_THE DATA_

● ● ● ● ●

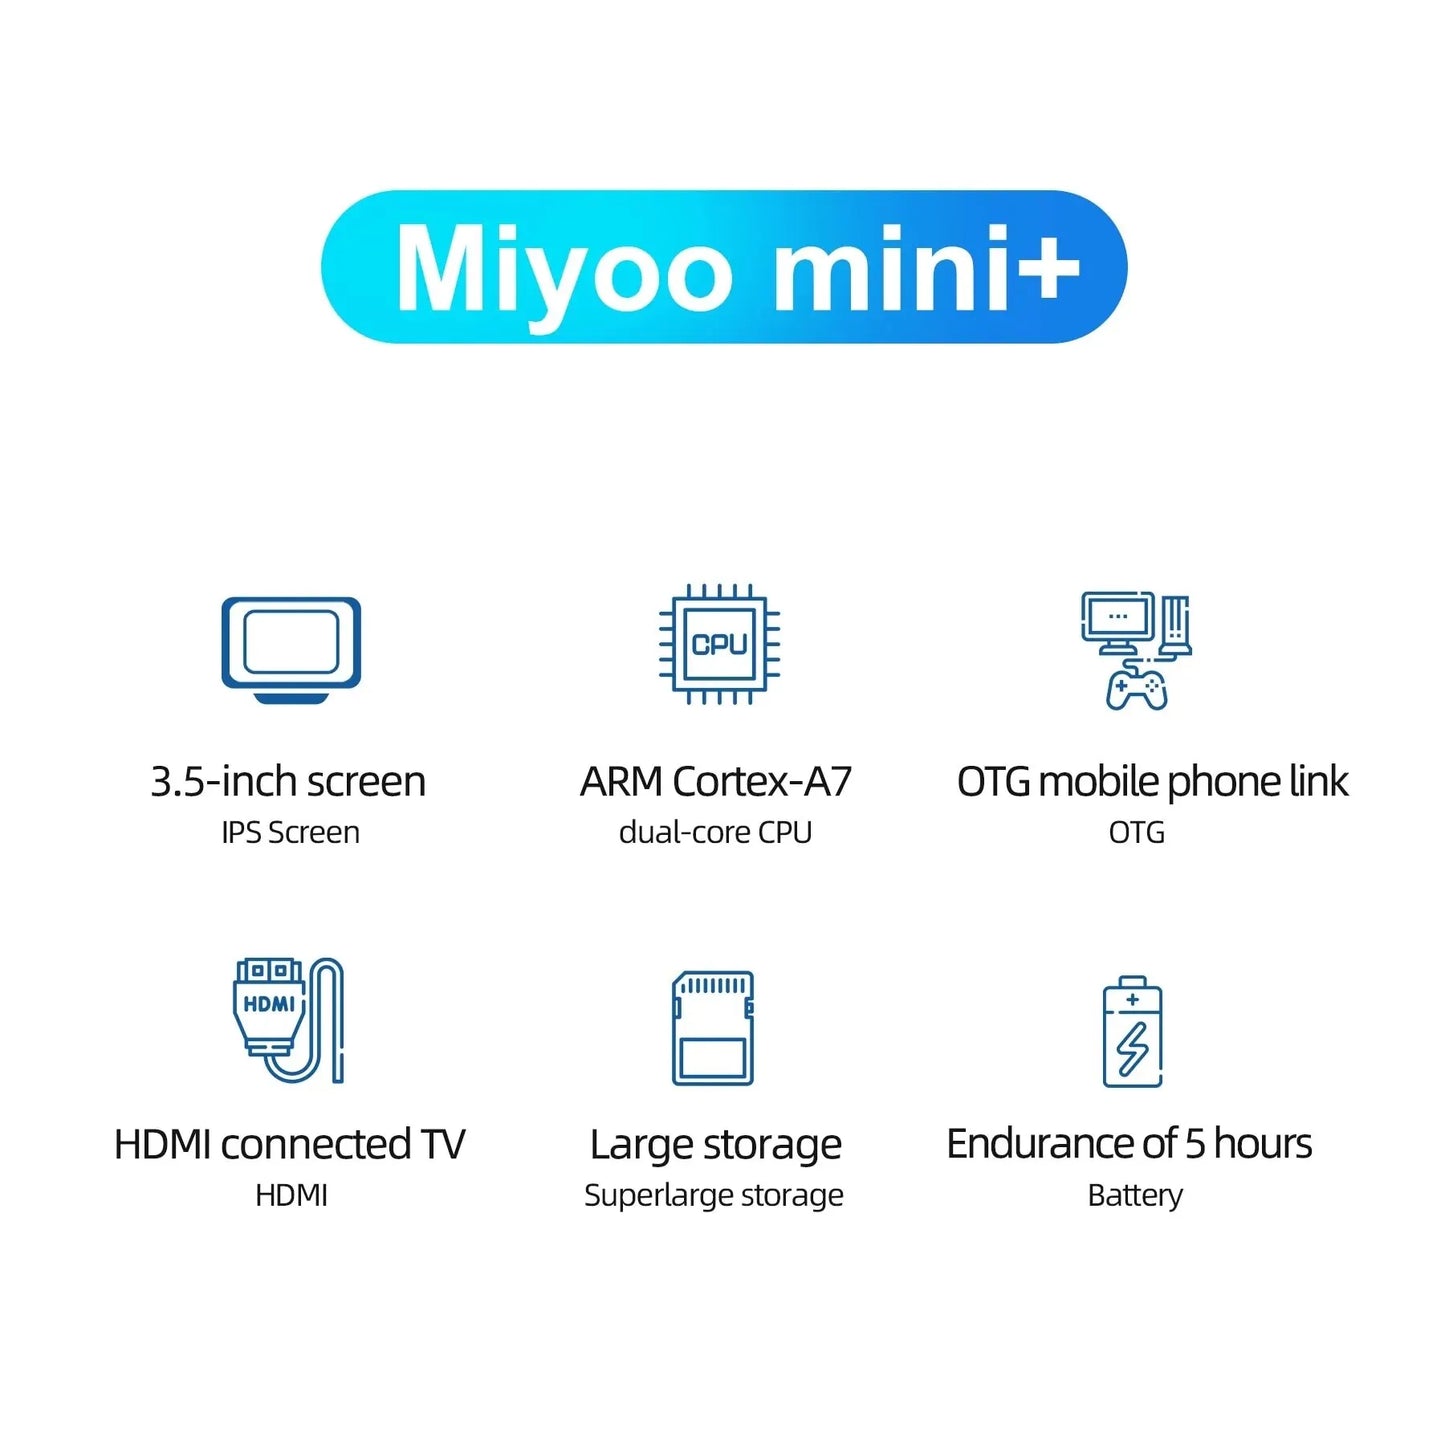 MIYOO Mini Plus Portable Retro Handheld Game Console V2 Mini IPS Screen Classic Video Game Console Linux System Children Gift
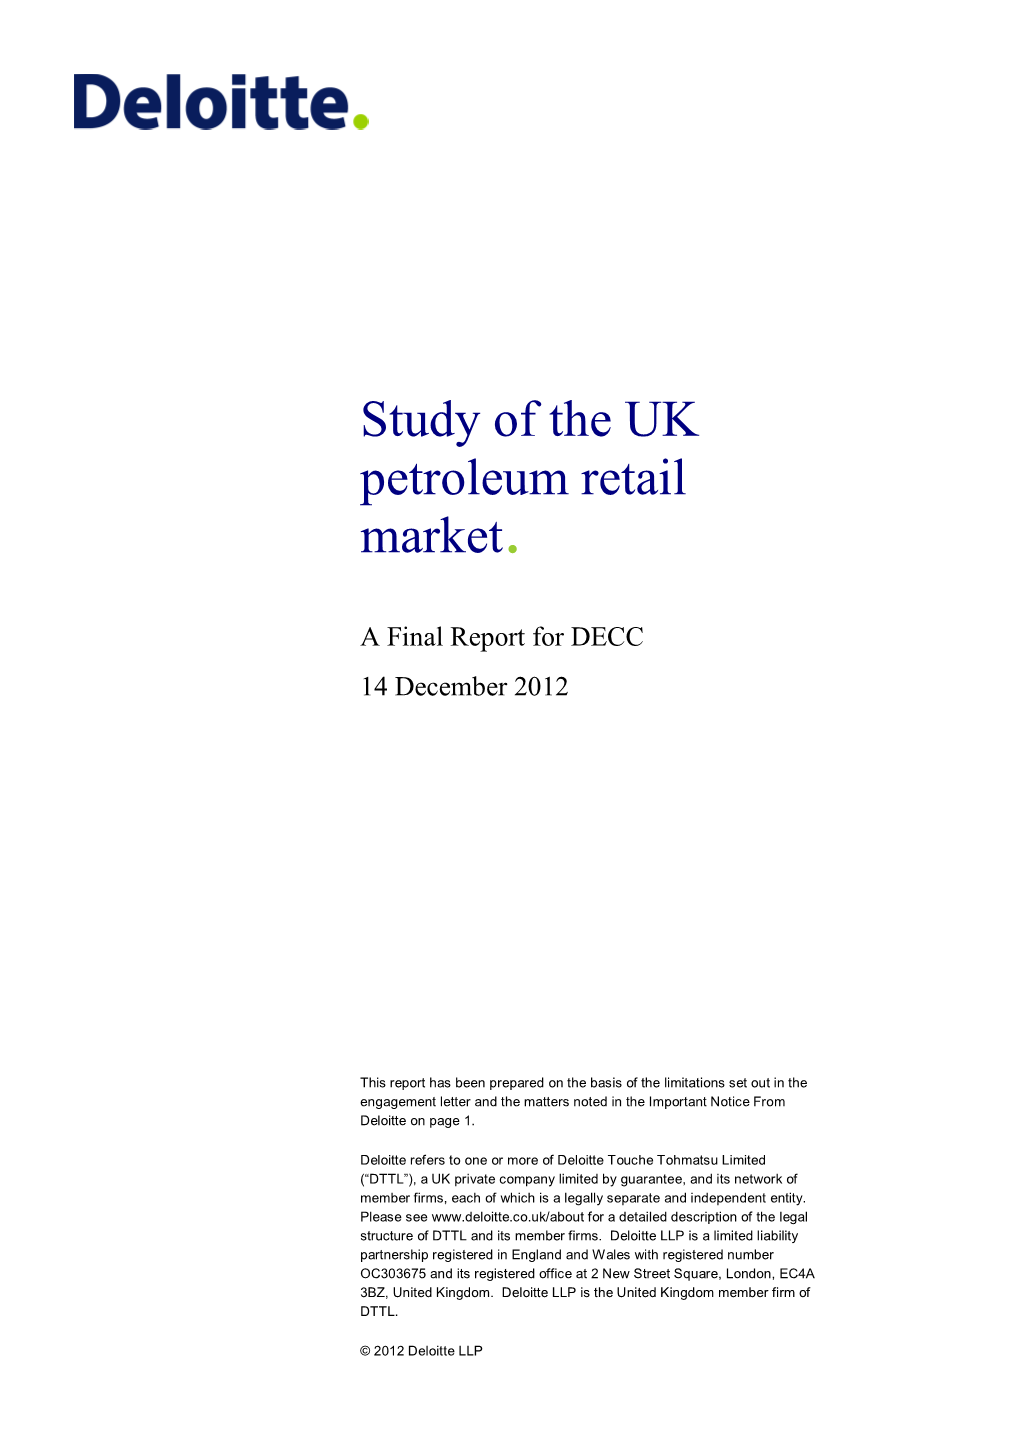 Study of the UK Petroleum Retail Market
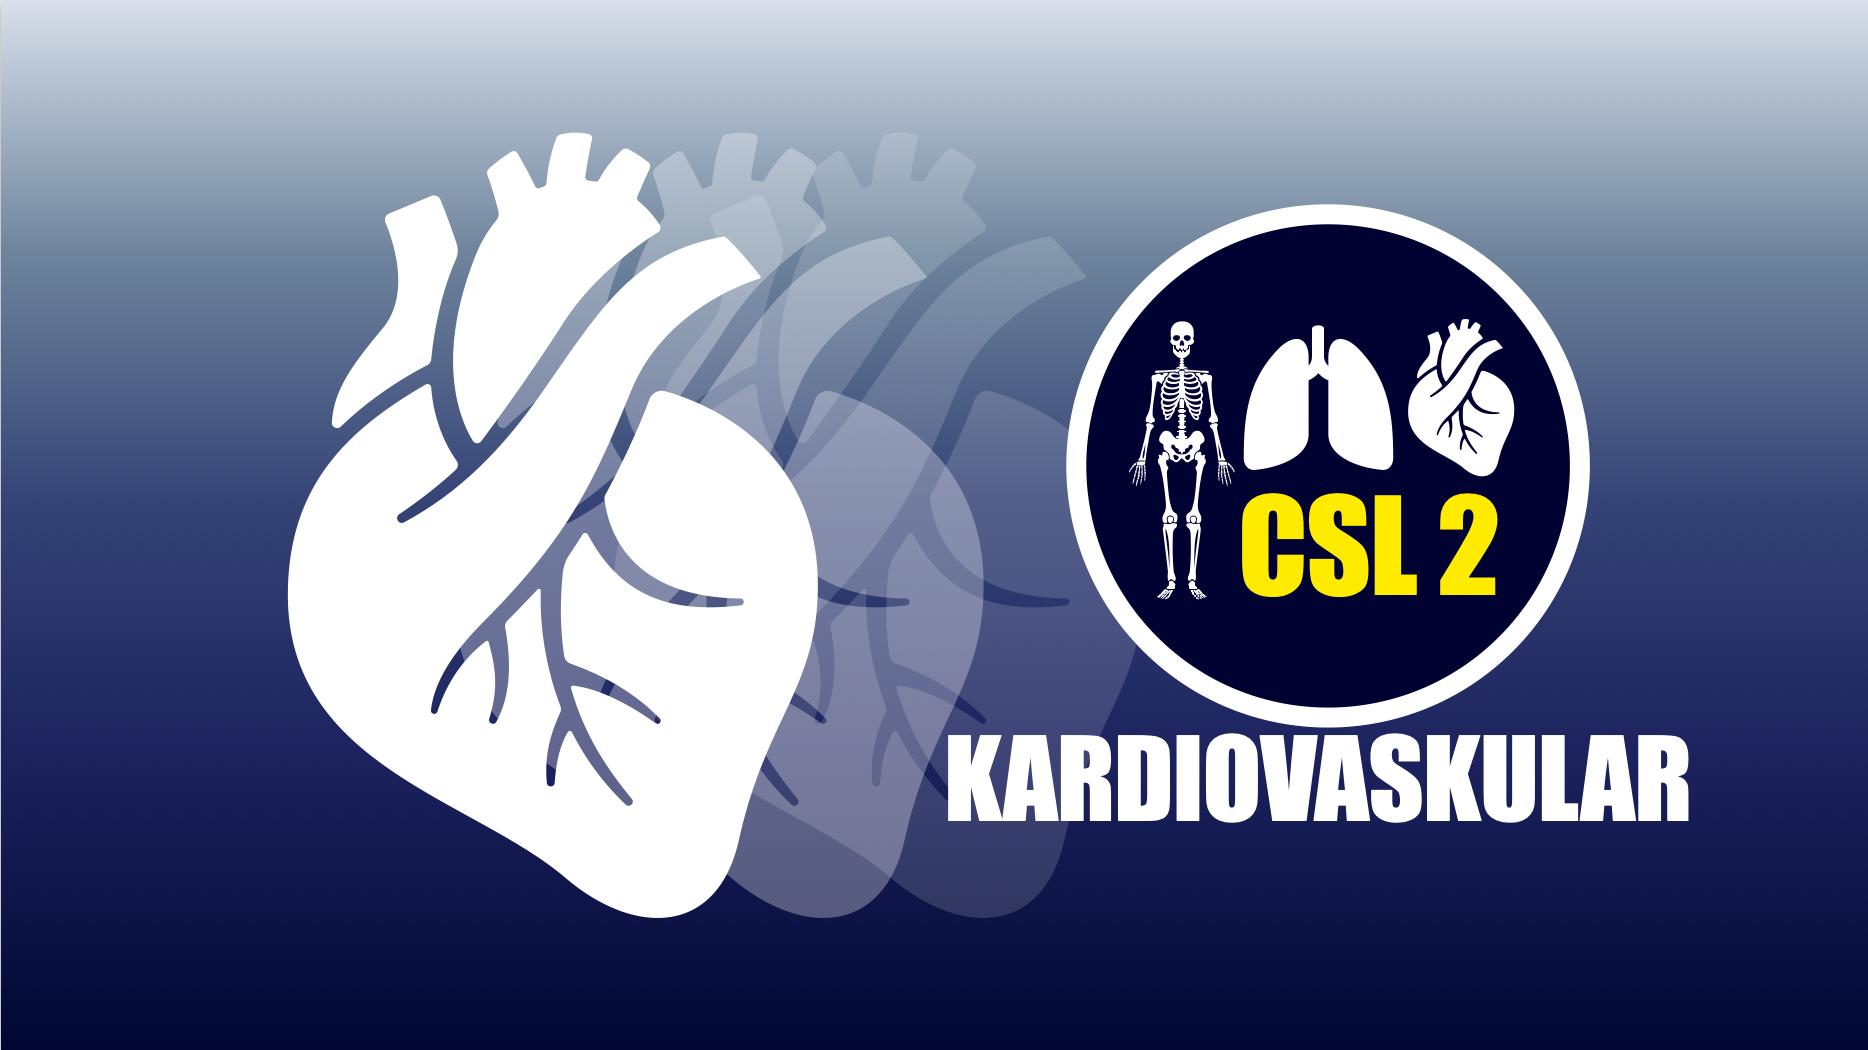 CSL 2 Kardiovaskular

● ● ● ● ●

_TASK DIRECTIONS_
From the first line to the last, retype the data exactly, but omit every image.

_YOUR SOLUTION_
 MIYOO Mini Plus Portable Retro Handheld Game Console V2 Mini IPS Screen Classic Video Game Console Linux System Children Gift
 Study of the UK Petroleum Retail Market
 CSL 2 Kardiovaskular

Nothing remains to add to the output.